By default, numpy, scipy and scikit-learn are installed in tox virtualenvs.
This is slow, requires working build toolchain and is not always feasible.
In order to skip numpy & friends, use ``..-nodeps`` environments::

    tox -e py312-nodeps,py312,pypy

It is also possible to run tests without tox. This way NLTK would be tested
only under single interpreter, but it may be easier to have numpy and other
libraries installed this way. In order to run tests without tox, make sure
to ``pip install -r test-requirements.txt`` and run ``pytest``::

    pytest nltk/test/


Writing tests
-------------

Unlike most open-source projects, NLTK test suite is doctest-based.
This format is very expressive, and doctests are usually read
as documentation. We don't want to rewrite them to unittests;
if you're contributing code to NLTK please prefer doctests
for testing.

Doctests are located at ``nltk/test/*.doctest`` text files and
in docstrings for modules, classes, methods and functions.

That said, doctests have their limitations and sometimes it is better to use
unittests. Test should be written as unittest if some of the following apply:

* test deals with non-ascii unicode and Python 2.x support is required;
* test is a regression test that is not necessary for documentational purposes.

Unittests currently reside in ``nltk/test/unit/test_*.py`` files; pytest
is used for test running.

If a test should be written as unittest but also has a documentational value
then it should be duplicated as doctest, but with a "# doctest: +SKIP" option.

There are some gotchas with NLTK doctests (and with doctests in general):

* Use ``print("foo")``, not ``print "foo"``: NLTK doctests act
  like ``from __future__ import print_functions`` is in use.

* Don't write ``+ELLIPSIS``, ``+NORMALIZE_WHITESPACE``,
  ``+IGNORE_EXCEPTION_DETAIL`` flags (they are already ON by default in NLTK).

* Do not write doctests that have non-ascii output (they are not supported in
  Python 2.x). Incorrect::

      >>> greeting
      u'Привет'

  The proper way is to rewrite such a doctest as a unittest.

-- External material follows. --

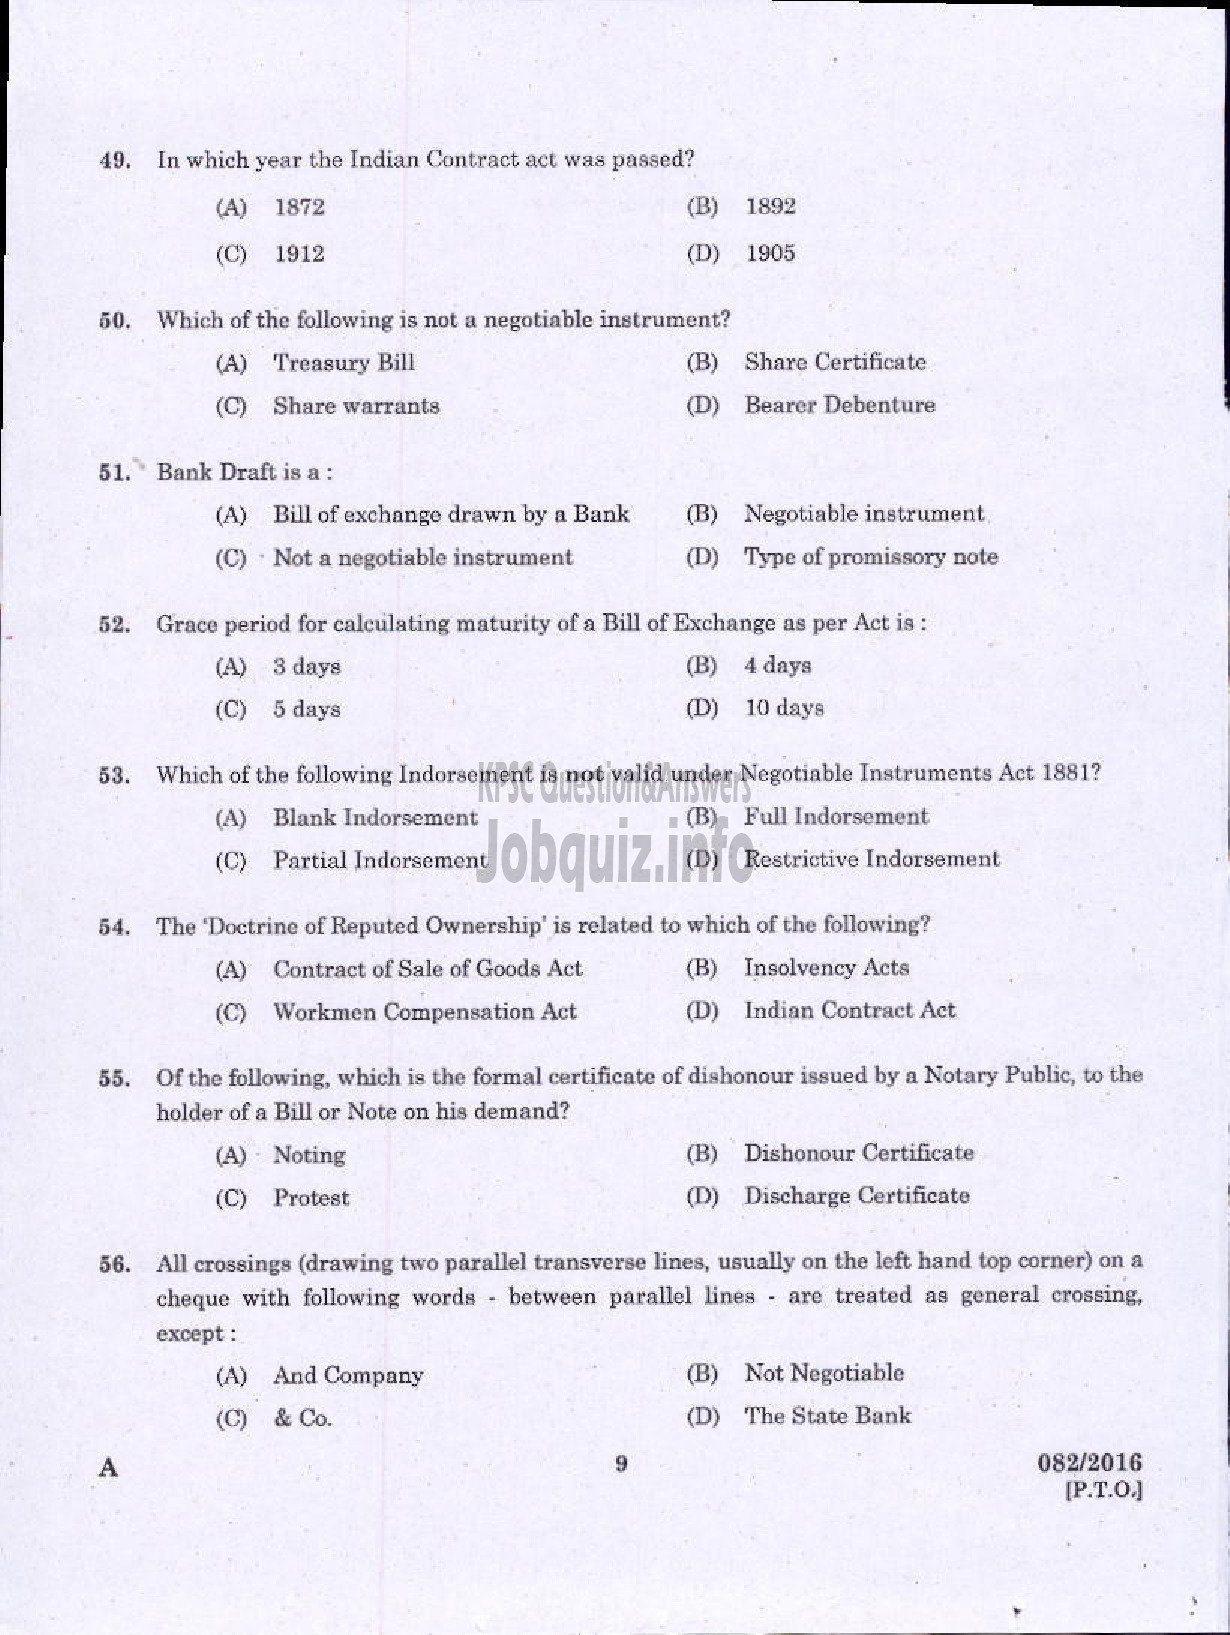 Kerala PSC Question Paper - ACCOUNTANT /JUNIOR ACCOUNTANT /ACCOUNTS ASSISTANT VARIOUS COMPANIES/CORPNS/BOARDS/SOCIETIES-7

* In order to conditionally skip a doctest in a separate
  ``nltk/test/foo.doctest`` file, create ``nltk.test/foo_fixt.py``
  file from the following template::

      # <a comment describing why should the test be skipped>

      def setup_module(module):
          import pytest

          if some_condition:
              pytest.skip("foo.doctest is skipped because <...>")

* In order to conditionally skip all doctests from the module/class/function
  docstrings, put the following function in a top-level module namespace::

      # <a comment describing why should the tests from this module be skipped>

      def setup_module(module):
          import pytest

          if some_condition:
              pytest.skip("doctests from nltk.<foo>.<bar> are skipped because <...>")

  A good idea is to define ``__all__`` in such module and omit
  ``setup_module`` from ``__all__``.

  It is not possible to conditionally skip only some doctests from a module.

* Do not expect the exact float output; this may fail on some machines::

      >>> some_float_constant
      0.867

  Use ellipsis in this case to make the test robust (or compare the values)::

      >>> some_float_constant
      0.867...

      >>> abs(some_float_constant - 0.867) < 1e-6
      True

* Do not rely on dictionary or set item order. Incorrect::

      >>> some_dict
      {"x": 10, "y": 20}

  The proper way is to sort the items and print them::

      >>> for key, value in sorted(some_dict.items()):
      ...     print(key, value)
      x 10
      y 20

If the code requires some external dependencies, then

* tests for this code should be skipped if the dependencies are not available:
  use ``setup_module`` for doctests (as described above) and
  ``@pytest.mark.skipif / @pytest.mark.skip`` decorators or ``pytest.skip``
  exception for unittests;
* if the dependency is a Python package, it should be added to tox.ini
  (but not to ..-nodeps environments).